The 3-D Deep Generative Model trained with the point cloud data of building parts can produce new 3D models. The generated samples can be seen in Figure 9. The generated data is visualized in raw point cloud form first, as shown in the first columns of the tables in Figure 9. Then the generated point clouds are automatically transformed to mesh form with the Poisson Surface Reconstruction (Kazhdan et al., Reference Kazhdan, Bolitho and Hoppe2006) method to analyze the surfaces and the general connected structure of the data (see second columns in Figure 9). In our methodology, the mesh models represented in the second column of Figure 9 undergo a stage of manual post-processing, where they are flattened, as shown in the third column of Figure 9. In the progression from the generative output seen in column 2 of Figure 9 to the refined interpretations presented in column 3, a nuanced approach to post-processing was undertaken, meticulously guided by the initial forms generated by the GAN. These GAN-generated models served as the foundational blueprints upon which further transformations were applied, primarily aimed at enhancing architectural feasibility and aesthetic value. The focus was on achieving more straightforward and plain surfaces, a design attribute often sought in contemporary architectural practices for its visual clarity and structural efficiency. To accomplish this, we employed sculpting tools available in 3D modeling software. These tools allowed us to manipulate the mesh geometry directly, enabling precise control over the form and surface characteristics of the models.

Figure 9. 3-D productions of the ML model in different abstraction levels.

The sculpting process involved selectively smoothing and flattening the surfaces, effectively transforming forms generated by the GAN into models with cleaner lines and more defined geometries. This manual intervention is essential for analyzing and employing various spatial representations at different levels of abstraction. It’s important to recognize that this manual aspect of post-processing signifies an intriguing interplay between the generative capabilities of our models and the indispensable role of human expertise in the design process. Although the generative process effectively provides diverse and complex design outputs, the current state of technology necessitates human judgment to refine these outputs, aligning them with practical and aesthetic design considerations. This process is inherently subjective, reflecting the unique perspectives and creativity of the designers. By manually adjusting and refining the generated models, designers can infuse their vision and expertise, shaping the raw computational output into forms that resonate with human sensibilities in architecture and design. The preservation of the original GAN-generated 3-D point cloud models in the postprocessed third columns of Figure 9, as well as in the sample scene in Figure 10, demonstrates our commitment to maintaining the integrity of the generative output while highlighting the transformative impact of manual post-processing. The spatial configurations of the generated samples, as exhibited in Figure 10, underscore their potential to foster a diverse range of architectural scenes and forms. This underscores the importance of the designer’s role in the generative design process, suggesting that while the automation of generative models is advancing, the creative and subjective input of human designers remains a vital component in realizing the full potential of these technologies in design.

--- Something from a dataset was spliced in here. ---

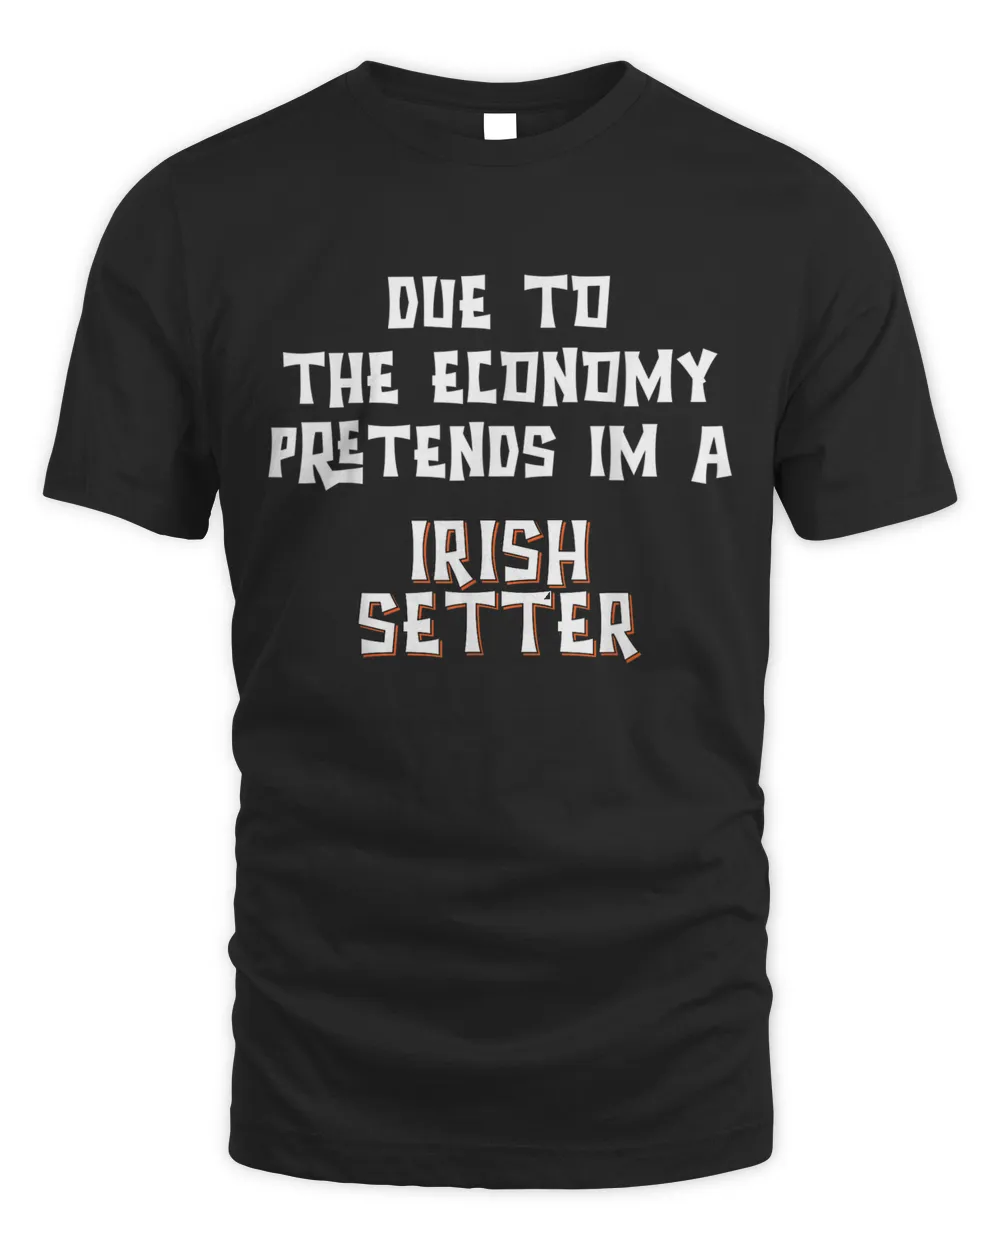 Due To Economy Pretend Irish Setter Easy Halloween Costume T-shirt
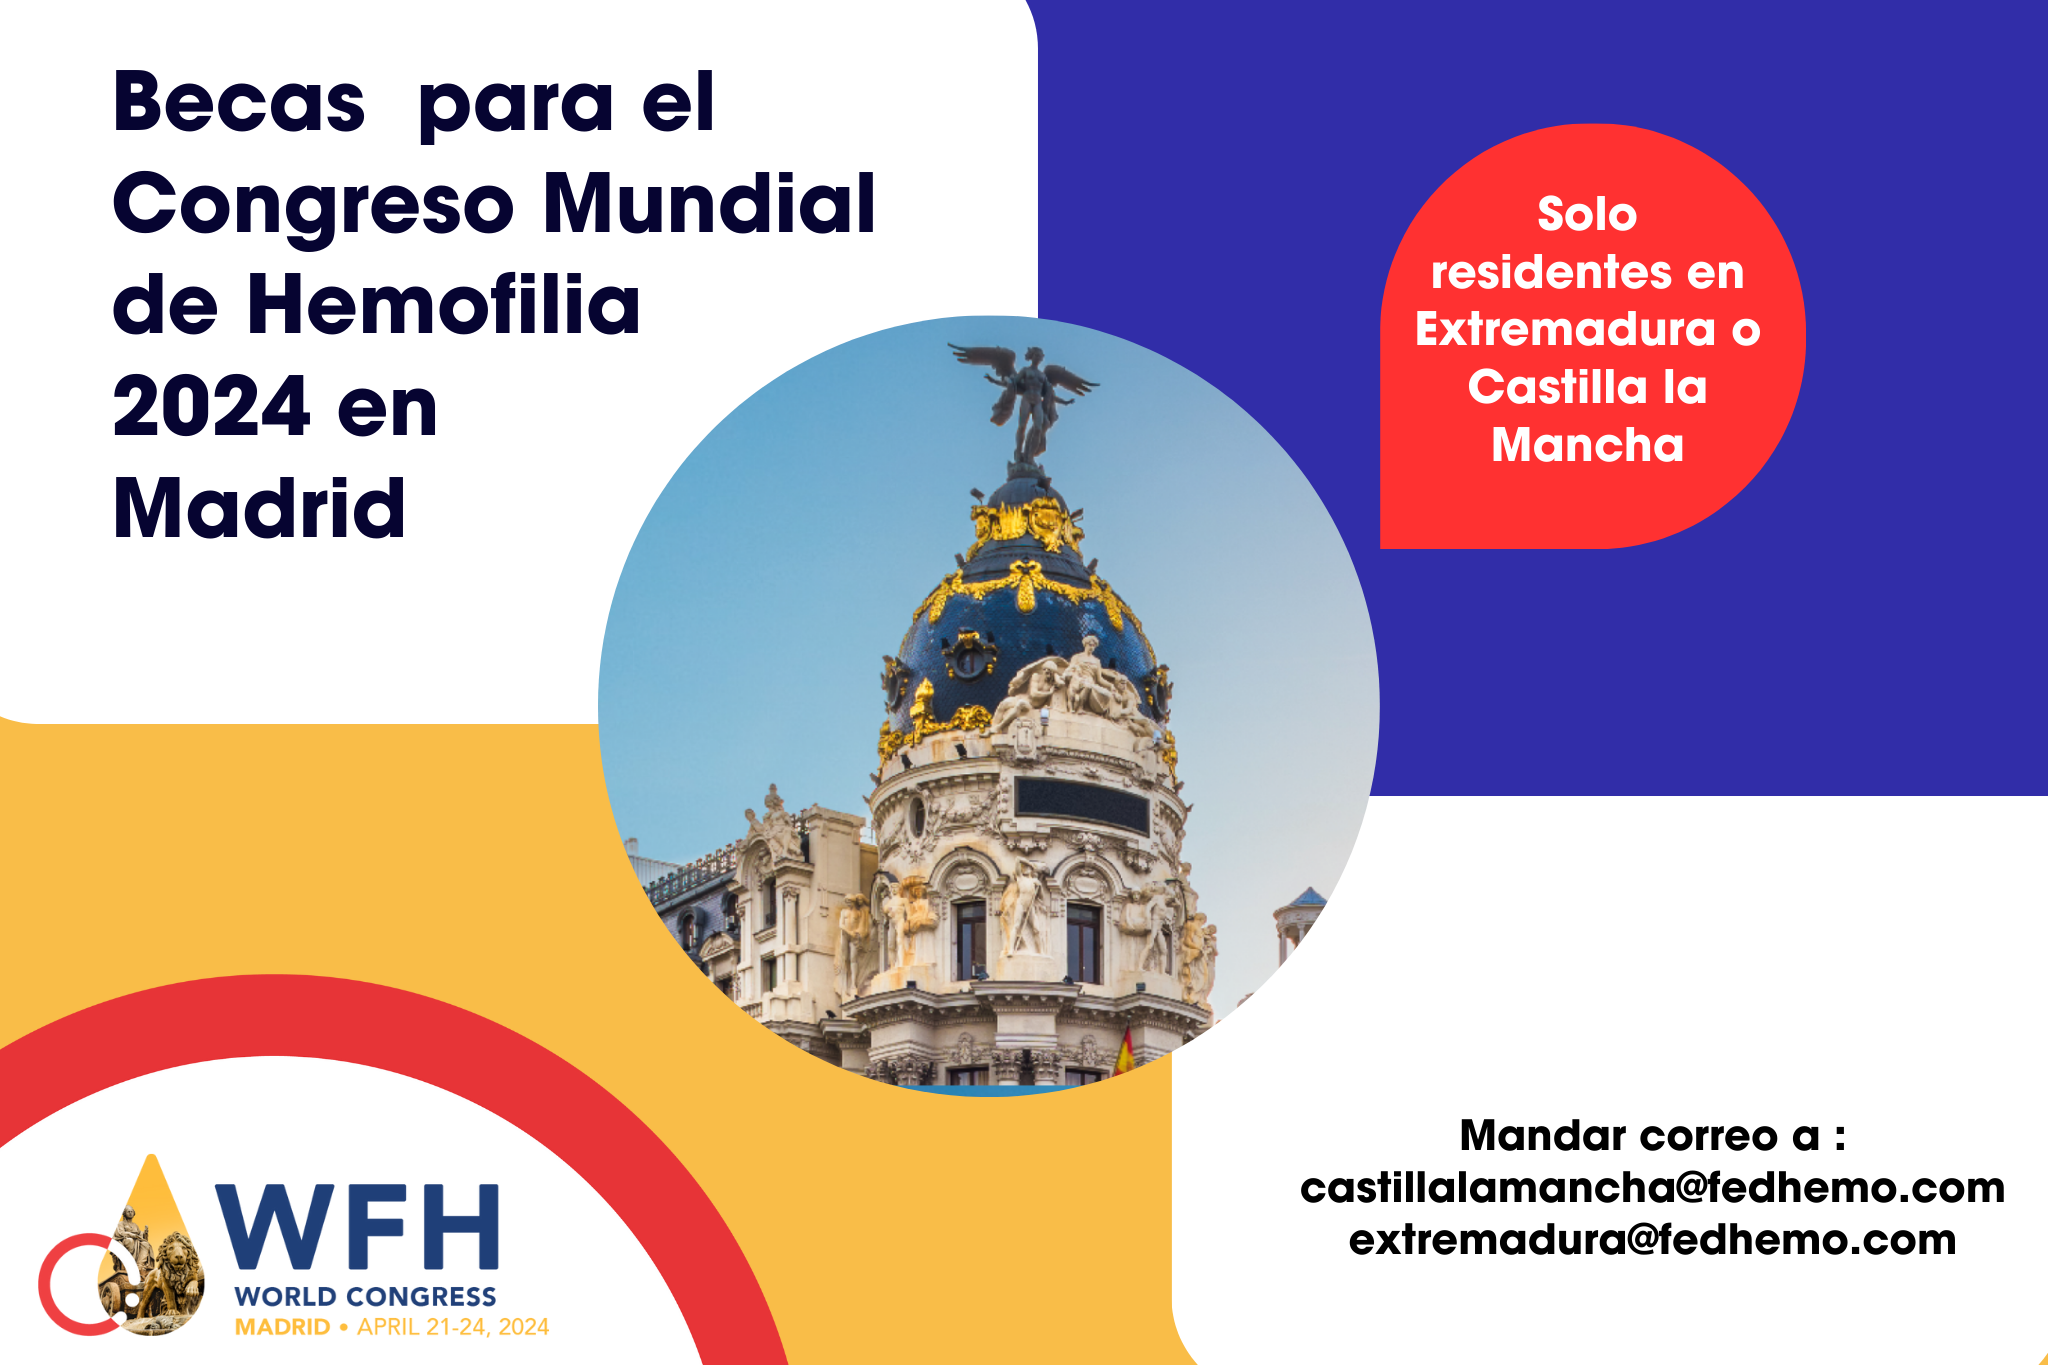 Disponibles las becas del Congreso Mundial de Hemofilia para socios de Extremadura y Castilla La Mancha

Figure 10. A Sample scene with spatial configurations of the productions.

The results in Figure 9 are not merely theoretical representations but function as a practical design vocabulary. This vocabulary facilitates the exploration of new forms and spaces by combining different generated elements in a systematic manner. For instance, designers can use these models as blocks to conceptualize and visualize new layouts or modifications to existing formations. This approach allows for a more dynamic and innovative design process, where various permutations of the generated models can be assessed for aesthetic, functional, or structural suitability. In practice, this can lead to novel design solutions that are both inspired by traditional forms and adapted to contemporary needs. Furthermore, the combinatorial use of these generated models, as illustrated in Figure 10, offers a method for designers to interact with and modify the generated outcomes, injecting human creativity and expertise into the design process. This human-machine collaboration in design could be particularly beneficial in early-stage conceptualization, where rapid iteration and exploration of ideas are crucial.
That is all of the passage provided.